From: Eric Dumazet <edumazet@google.com>
To: "David S . Miller" <davem@davemloft.net>,
Neal Cardwell <ncardwell@google.com>,
Yuchung Cheng <ycheng@google.com>,
Soheil Hassas Yeganeh <soheil@google.com>,
Gasper Zejn <zelo.zejn@gmail.com>
Cc: netdev <netdev@vger.kernel.org>,
Eric Dumazet <edumazet@google.com>,
Eric Dumazet <eric.dumazet@gmail.com>
Subject: [PATCH net-next 3/7] tcp: mitigate scheduling jitter in EDT pacing model
Date: Mon, 15 Oct 2018 09:37:54 -0700 [thread overview]
Message-ID: <20181015163758.232436-4-edumazet@google.com> (raw)
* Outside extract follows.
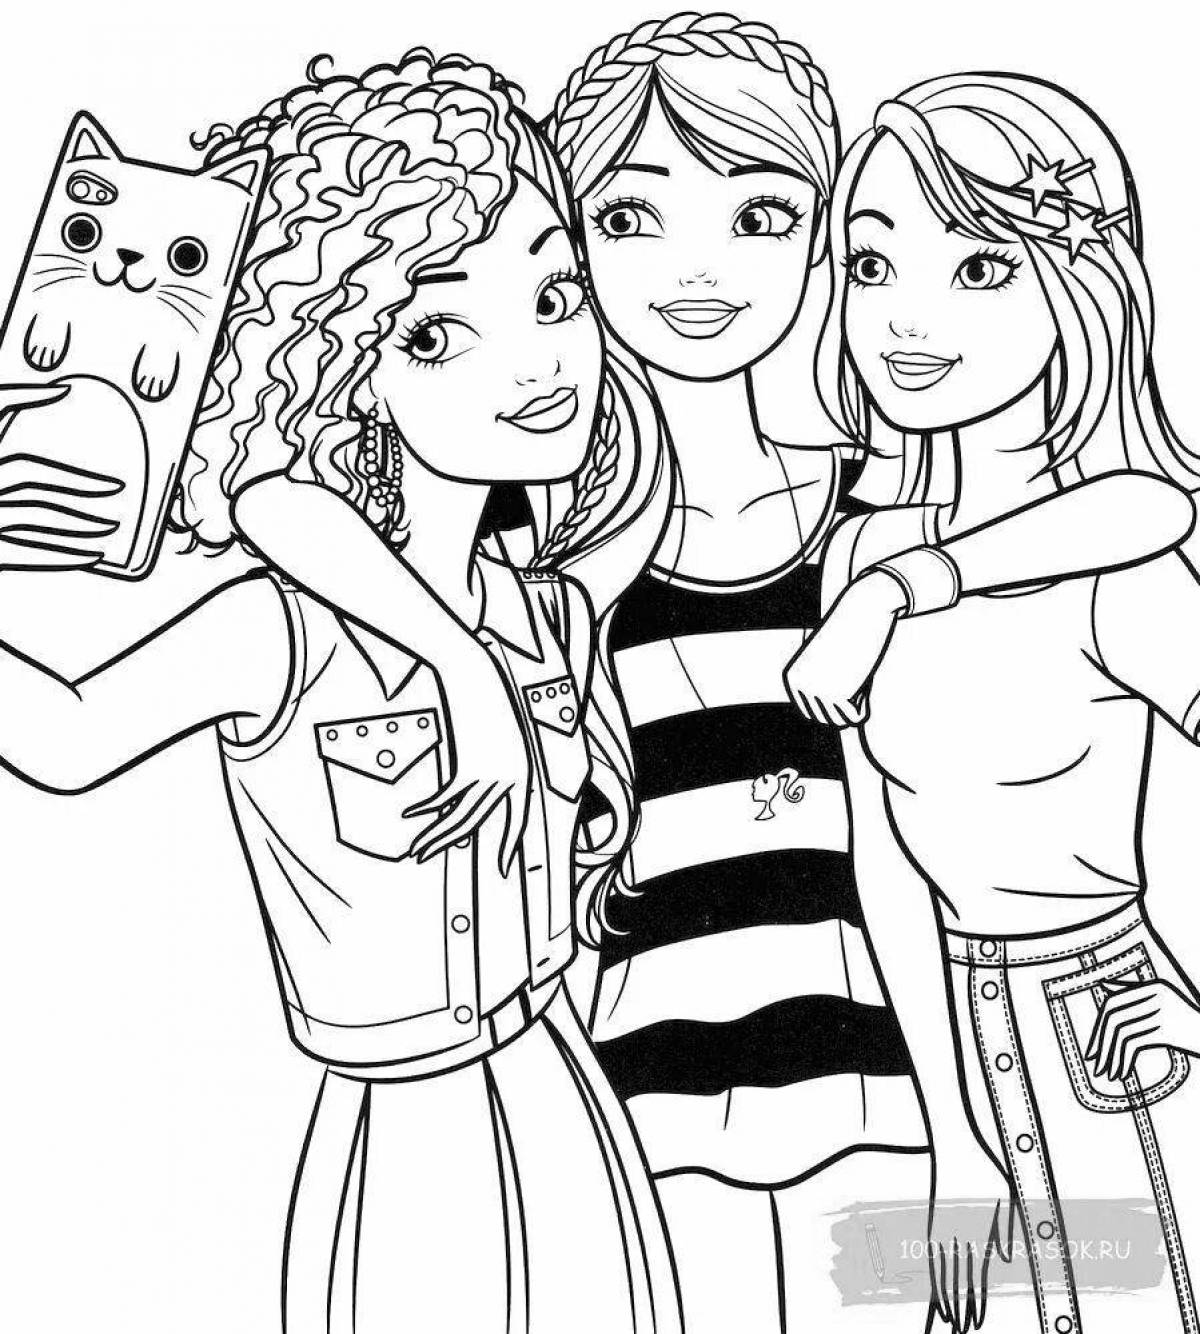 Great coloring book for girls 10-12 years old
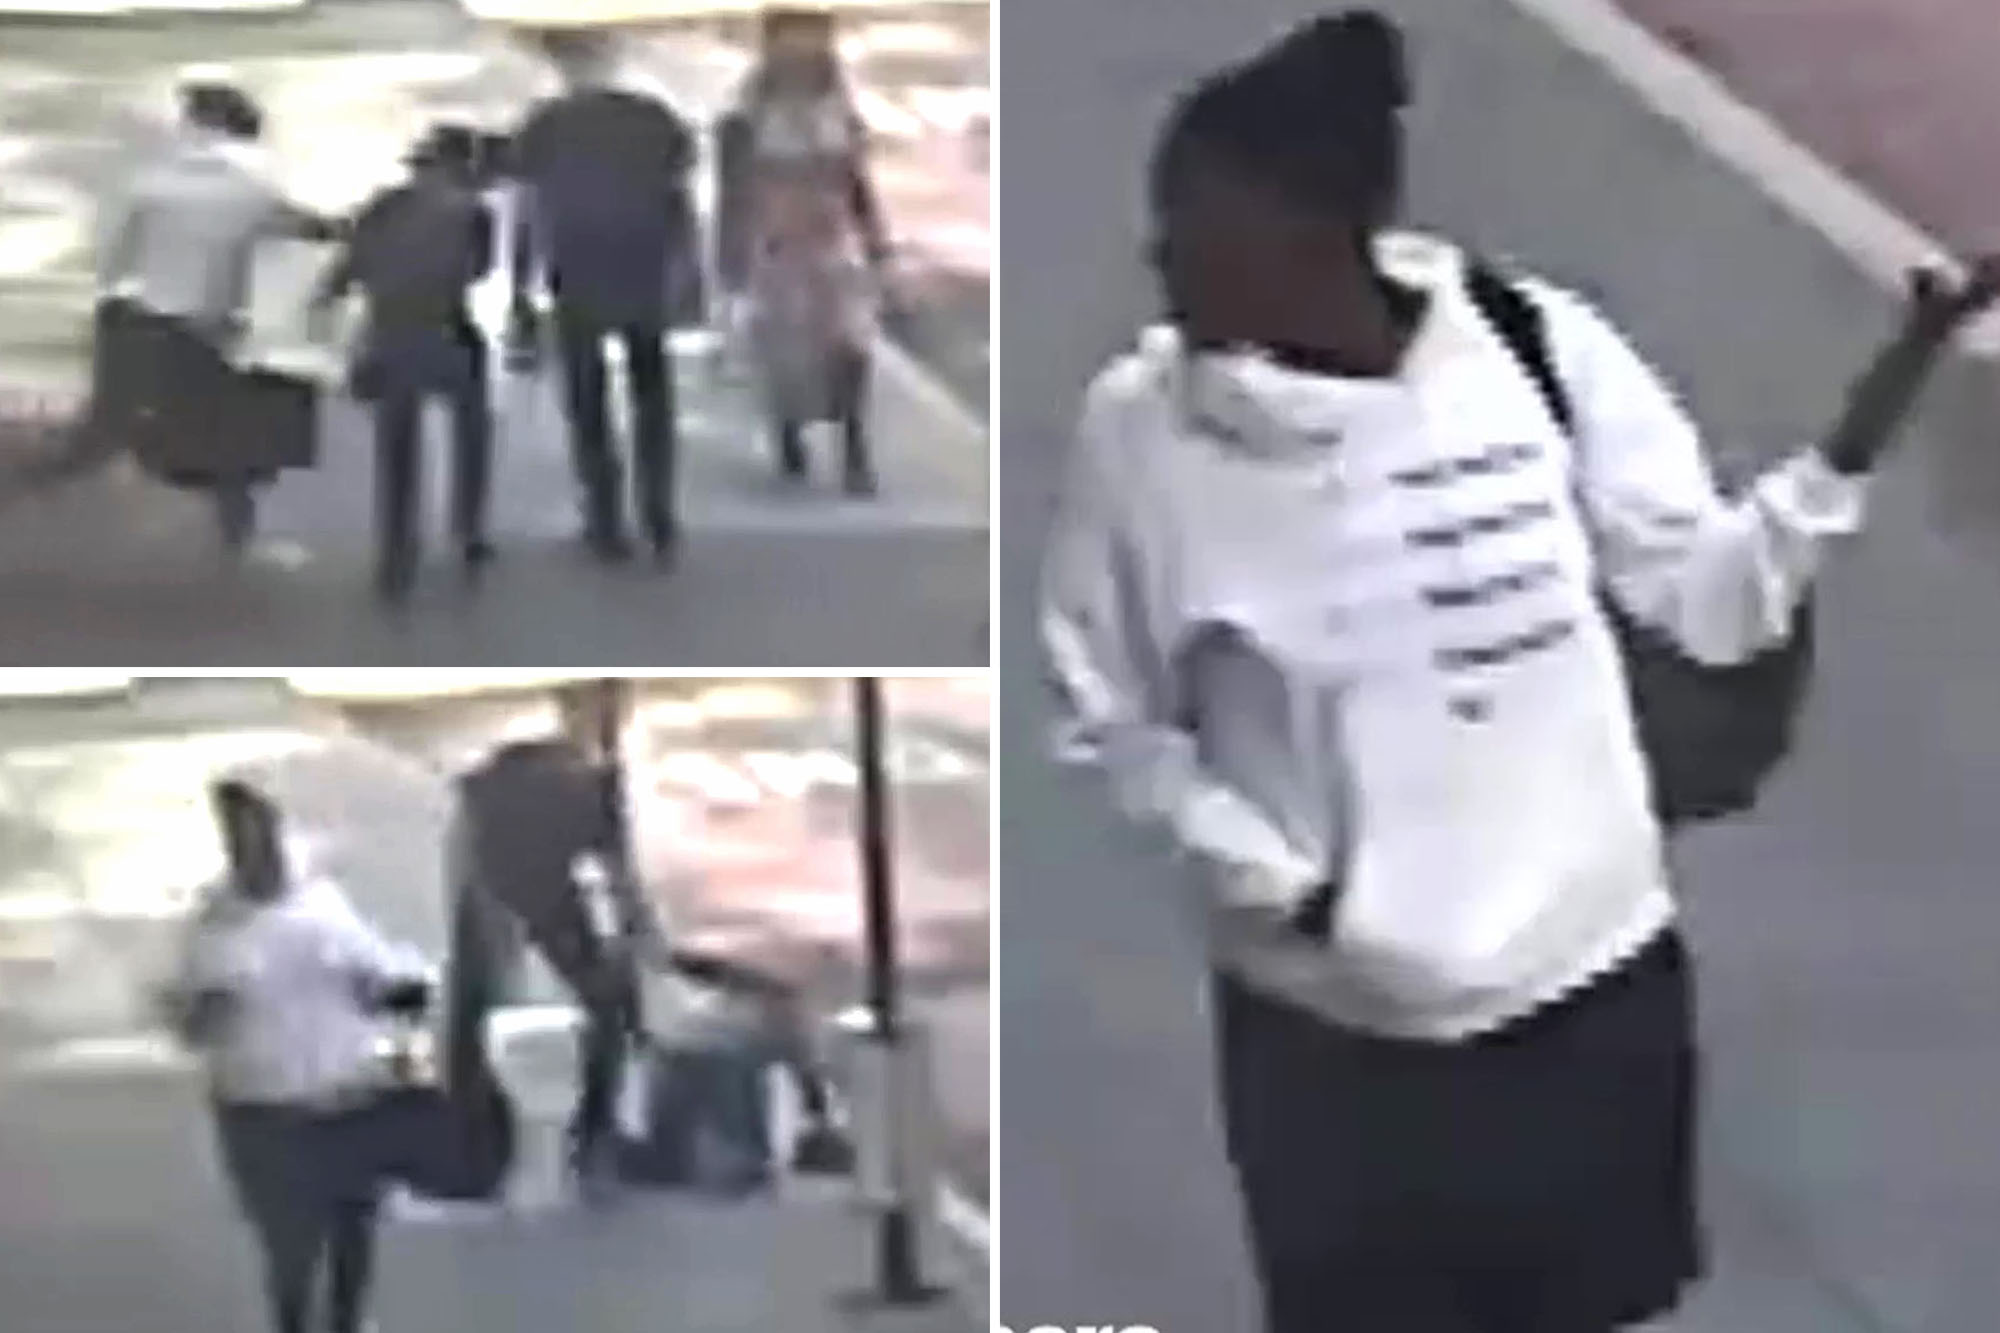 The 71-year-old victim was walking on Madison Avenue near East 52nd Street around 11 a.m. Wednesday when the stranger slugged her in the side of the face without saying a word, according to cops and the video.

In-Reply-To: <20181015163758.232436-1-edumazet@google.com>
In commit fefa569a9d4b ("net_sched: sch_fq: account for schedule/timers
drifts") we added a mitigation for scheduling jitter in fq packet scheduler.
This patch does the same in TCP stack, now it is using EDT model.
Note that this mitigation is valid for both external (fq packet scheduler)
or internal TCP pacing.
This uses the same strategy than the above commit, allowing
a time credit of half the packet currently sent.
Consider following case :
An skb is sent, after an idle period of 300 usec.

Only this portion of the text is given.